Overtime, due to the chronic shortage of sworn officers that has plagued the department for more than a decade, is the prime reason for the non-compliance of the department according to Chief Darryl Perry.

He explained to commissars the domino effects of the shortage that caused some officers to work almost double normal number of hours, often at time-and-a-half or even double time in some instances.

He said another contributing factor is the shortage of not just sworn officers but also of civilian public safety workers who staff the cell block causing the department to take officers off the beat to guard those who are arrested.

According to Perry the department currently has 17 vacancies but hopes to graduate all 13 recruits in the current class that ends July 31 and start another in August or September.

Perry told the commission that the department is willing to “go the extra mile” to give individual help to any recruit who shows signs of dropping out and anticipates a 100% graduation rate this time around.

But the fact that there are 91 candidate right now who are awaiting processing and background checks caused Commissioner Leon Gonsalves to chide Perry for not moving fast enough to bring the department up to it’s full staffing complement of 148 sworn public safety officers.

Perry told the commission that the three or four officers devoted to doing the background checks- often stated as the main delay in processing- were enough.
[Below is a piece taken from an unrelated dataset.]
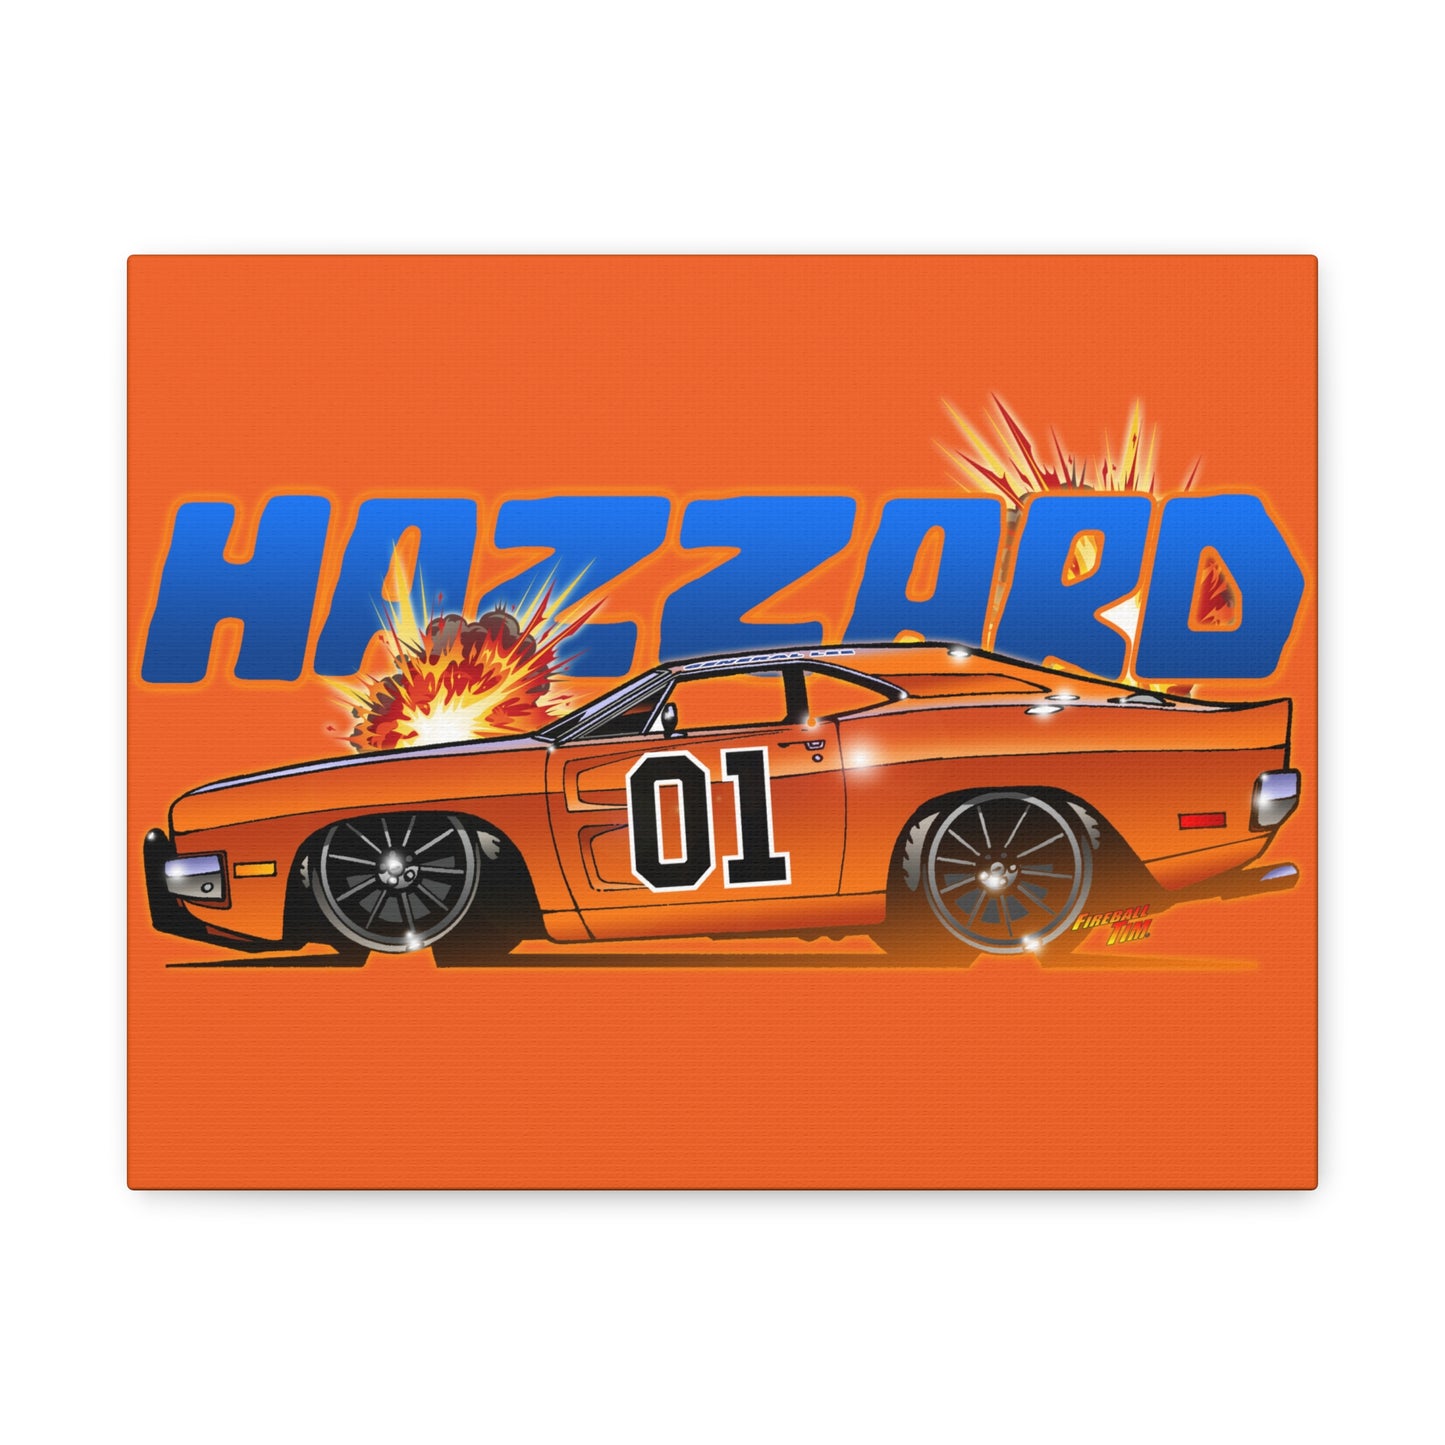 GENERAL LEE Dukes of Hazzard Movie Car Canvas Gallery Art Print 11x14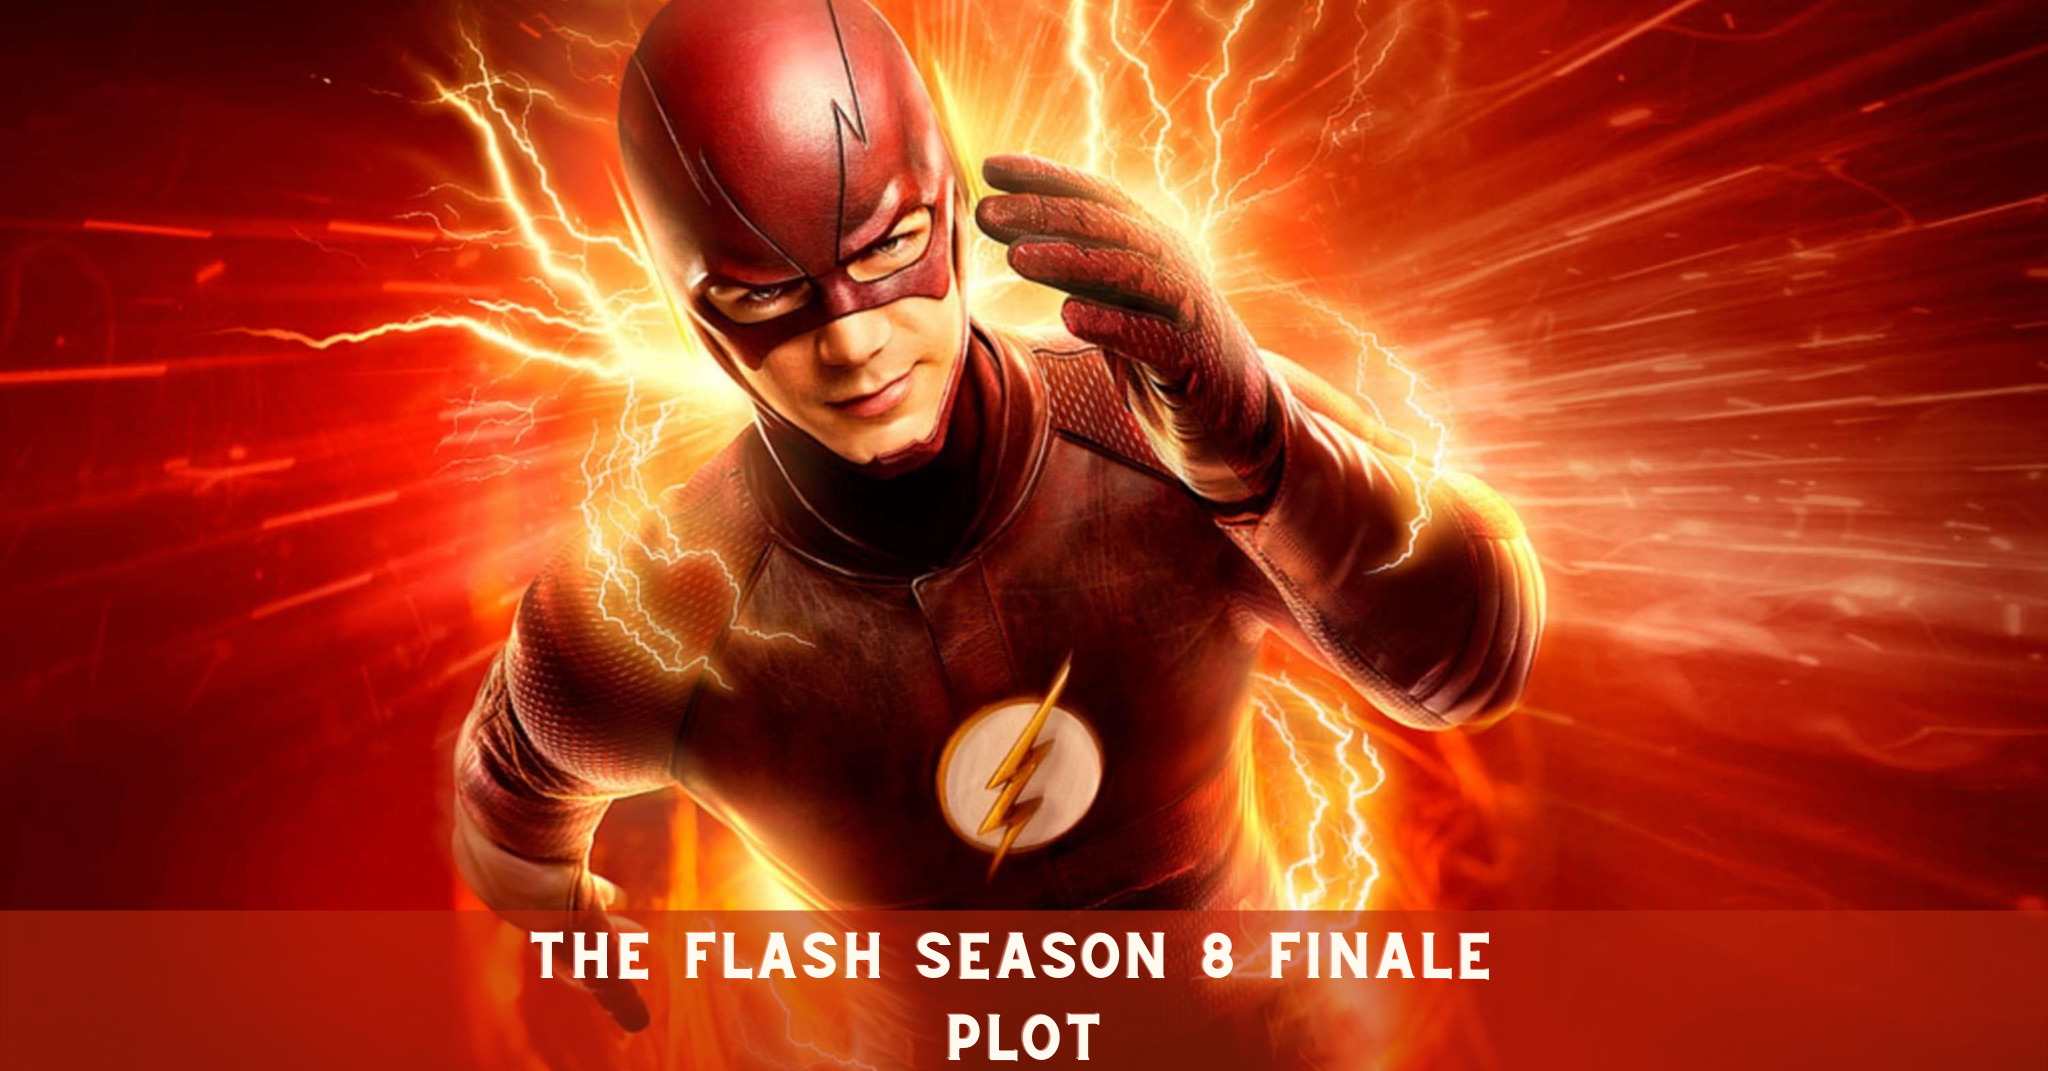 The Flash Season 8 Finale Plot

But Gonsalves told Perry “we’ve got to step it up” saying he’s been dismayed at the more than deliberate manner that new recruits are processed for the six years he’s been on the commission.

Gonsalves expressed displeasure over the year or more it has routinely taken from the time of application to beginning the class and told Perry that “guys are falling away” because it takes so long.

Perry also told the commission that even at 148 sworn officers KPD is short staffed by 26 officers when compared to the other counties’ officer-to-population ratios.

That situation may be addressed in the near future by what Perry said was “a billion dollars out there” in federal money some of which will allow KPD to expand the number of slots for officers by 35.

The federal funding would cover the first three years of salary for each new officer but after that the county would need to fund them causing one commissioner to remark that the council has been slow to authorize raising the number of officers despite their oft stated dedication to providing “whatever the department needs” to insure public safety.

Also on the commission agenda, after a report indicating rising crime figures on Kaua`i, when asked by a commissioner why Perry stated that “we have intelligence that some guys are coming over from O`ahu to commit crime” in addition to citing tough economic times as a traditional time of increased crime.

In addition to not meeting the 10% across the board cuts the department is also trying to get out from under the hiring freeze the county has imposed for “support staff”.

When asked about it by a commissioner Perry grinned and said “you had to ask me that” before carefully choosing his words in saying “we’re working with the Mayor’s office on that".

The commission also voted to go ahead and host the Hawai`i state police commissioner’s meeting this May after much debate about cost and the need for the department budget to be spent on departmental needs. To reduce costs the convention will use local speakers such as U.S. Attorney Ed Kubo who will be the keynote speaker.